Far from over: California still has more than 3.5 million ballots to count
https://www.elkgrovenews.net/2020/03/how-many-california-ballots-left-to.html
How many California ballots left to count? Here Beverly Shen distributes ballots to 2020 primary voters at the Golden Gate library in Oakland. Photo by Anne Wernikoff for CalMatters. | |
By Ben Christopher,
CalMatters
The
results are in.
No, not
the results you were waiting for, the final tally of California ballots cast
for the state’s Super Tuesday presidential primary. We might not have those for
days to come and they won’t be officially certified until April.
But this
afternoon state officials published their first estimate of how many ballots are
left to be counted.
In a
state that holds an “election month, not election day” — where results will
trickle in for weeks to come, sometimes flipping the outcomes of tight
elections in the process — this is an election nerd’s landmark. It also gives us
a few more clues about the final shape of California’s various primary
contests.
According
to estimates published by county election registrars, as of Thursday night,
there are 3.5 million ballots left to count. (The Secretary of State’s
office showed a count of about 3.3 million, but that did not include the latest
updated numbers from Los Angeles County.)
That
small mountain of unprocessed popular will comes courtesy of last-minute voters
— those who either put their ballots in the mail on Election Day itself,
or who voted in person but exercised their California-given right to register
or change their political party on the spot.
They also
include ballots that were ripped, bent, marred by typos, or that otherwise gave
a voting machine a hard time and will thus require the careful study of a human
election worker.
What does
all of this mean for the various California races still in limbo? We have
no idea what all of those ballots say just yet, but this first report offers a
few new tea leaves to read.
Take
Vermont Sen. Bernie Sanders current commanding lead over former Vice President
Joe Biden. Is there a chance that could narrow in the days to come?
Sanders’
margin over the former vice president is only 271,635. That’s a small fraction
of the ballots remaining. Which way will those uncounted vote go? History
suggests that the late-breaking vote tends to be young, Latino and lower-income
— Sanders’ base.

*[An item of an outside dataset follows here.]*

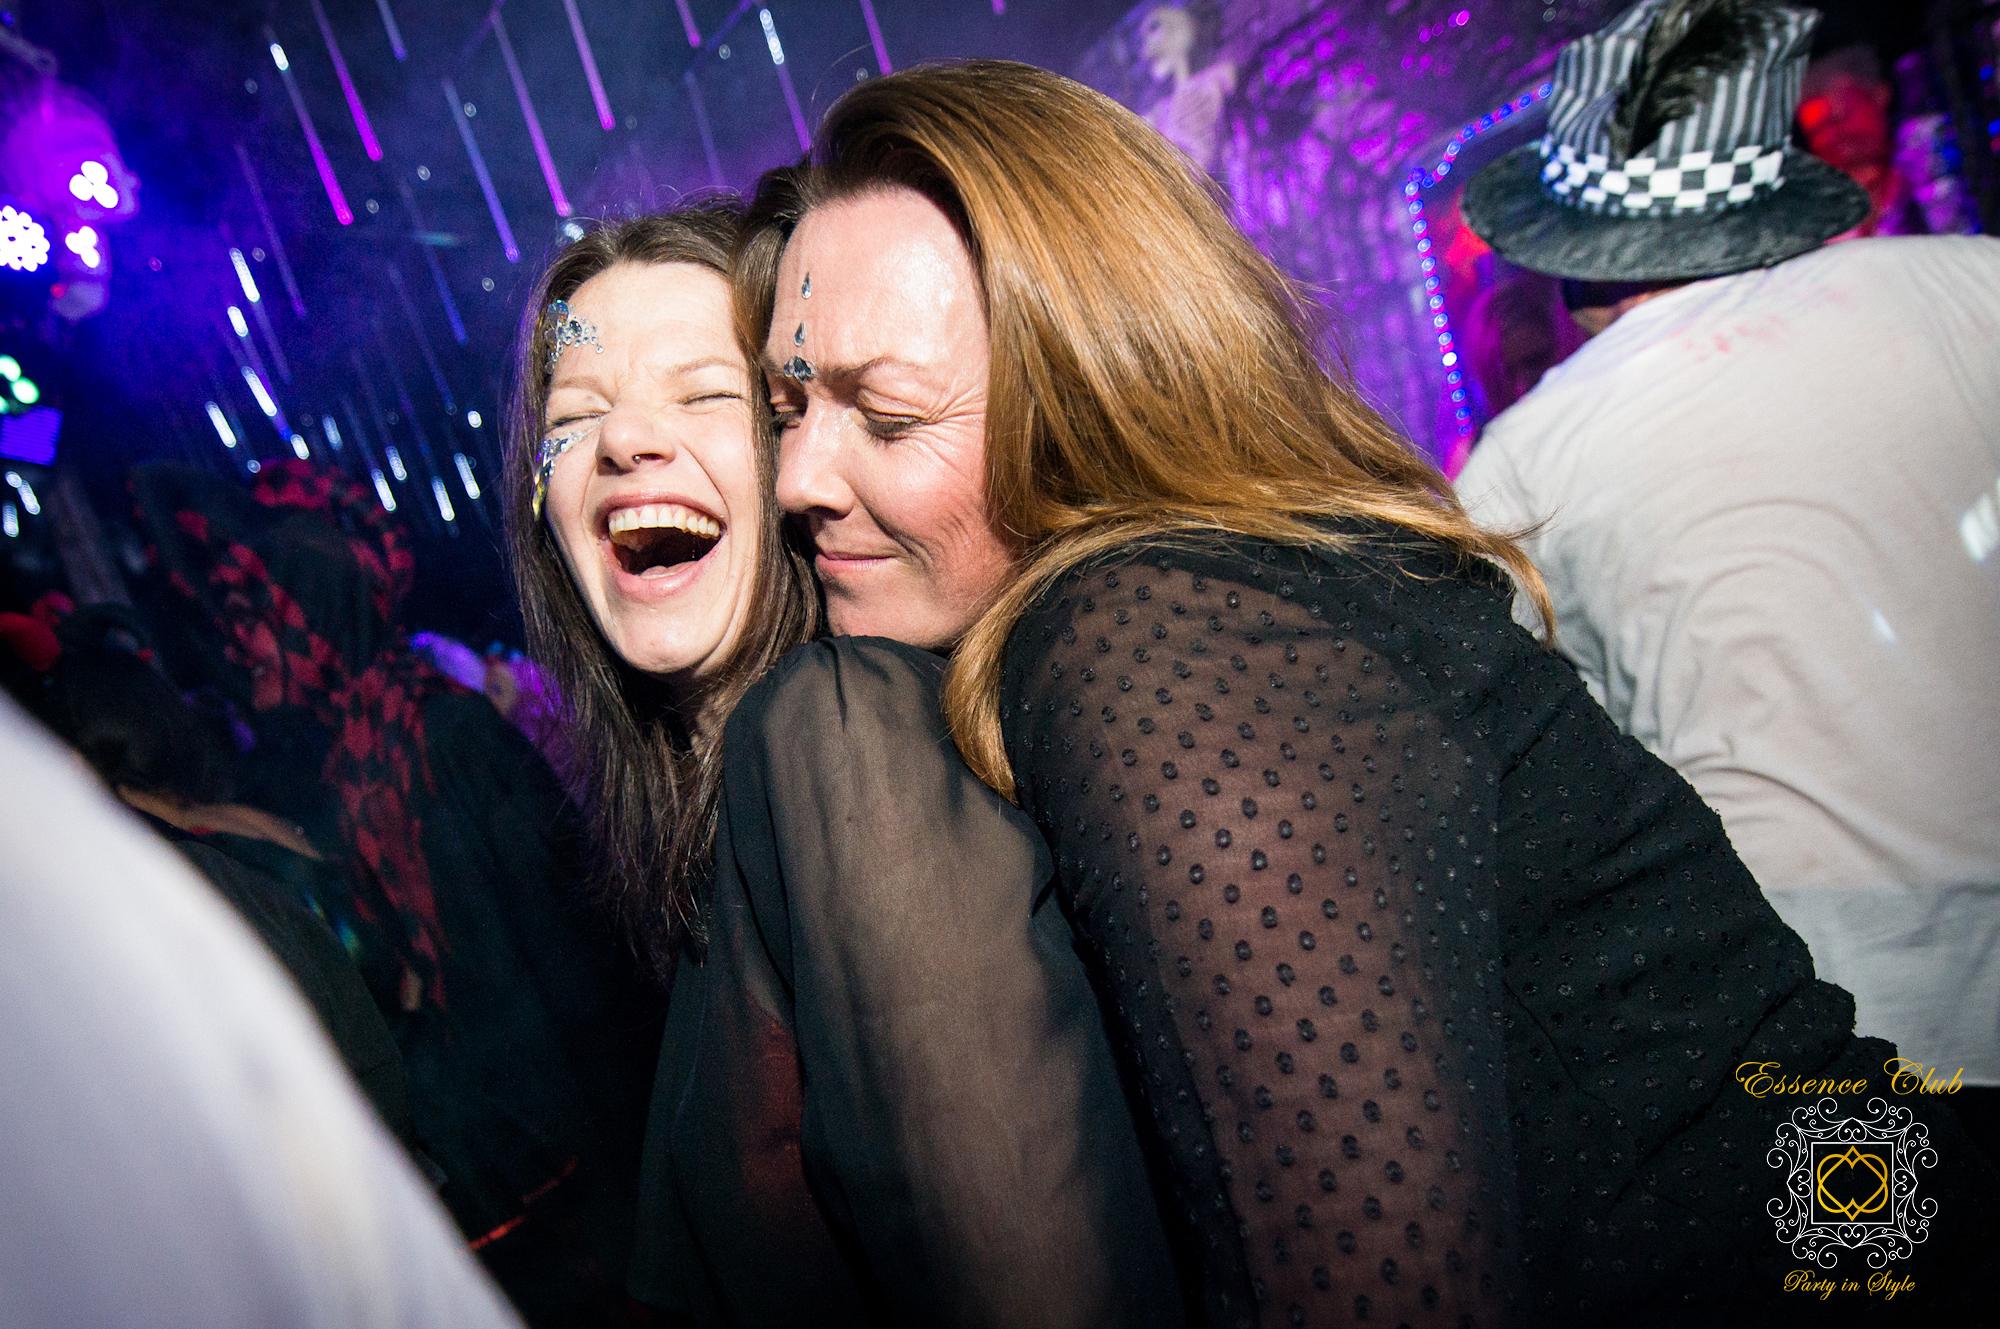 Essence Club love parties

On the other hand, there’s evidence that many moderate
Democrats were waiting until the last minute to vote and may have rallied to
Biden after he was endorsed by fellow centrists Minnesota Sen. Amy Klobuchar
and former South Bend, Ind. mayor Pete Buttigieg after they dropped out.
In other
words, as these ballots are counted, they’re likely to run up the margins of
both front runners at the expense of the rest of the field.
The other
big question hanging over California’s 2020 election is Proposition 13. Can the
school bond ballot measure, which is currently down 10 percentage points,
recover?
Though
these later votes tend to skew left, the school bond would have to win 58% of
the ballots left. That is, assuming the estimated remaining ballot count is
accurate.
Taken at
face value, the unprocessed ballots combined with those that have already been
counted add up to 8.8 million votes, or a turnout rate of 43% of all registered
voters.
That
level of primary electorate vigor falls somewhere in between 2012 and 2016,
where turnout was 31% and 47% respectively.
Of
course, the estimated number of ballots left to count should not be
taken at face value. As long as a mail-in ballot was postmarked by Election
Day, any that arrive tomorrow will eventually be counted.
These are
also estimates, and pretty rough ones at that. A survey of the ballots left to
be tallied shows some suspiciously round numbers: 112,000 in Contra Costa
County, 350,000 in San Diego, 80,000 in Fresno.
As
Secretary of State spokesman Sam Mahood wrote on Twitter this evening, “It’s
still too early to definitively talk about turnout.”
But even
as a ballpark figure it suggests that, two days out from Election Day, many
California voters have yet to have their ballots counted. In 2016 and 2018,
there were more than half a million fewer votes to tally at this point.
That
shouldn’t be surprising, according to California Secretary of State Alex
Padilla.
In a
conference call with reporters before Election Day, Padilla predicted that a
higher share of ballots would end up in the late pile this year thanks to a
series of recent laws that make it possible for all voters to register to vote
or change their party registration on election day itself.
Voters
without a registered party were also motivated this year to switch party
affiliation or request a special ballot to participate in the presidential
primary. That also likely added to the heap of ballots that will take days, if
not weeks, to sift through.
CalMatters.org is
a nonprofit, nonpartisan media venture explaining California policies and
politics.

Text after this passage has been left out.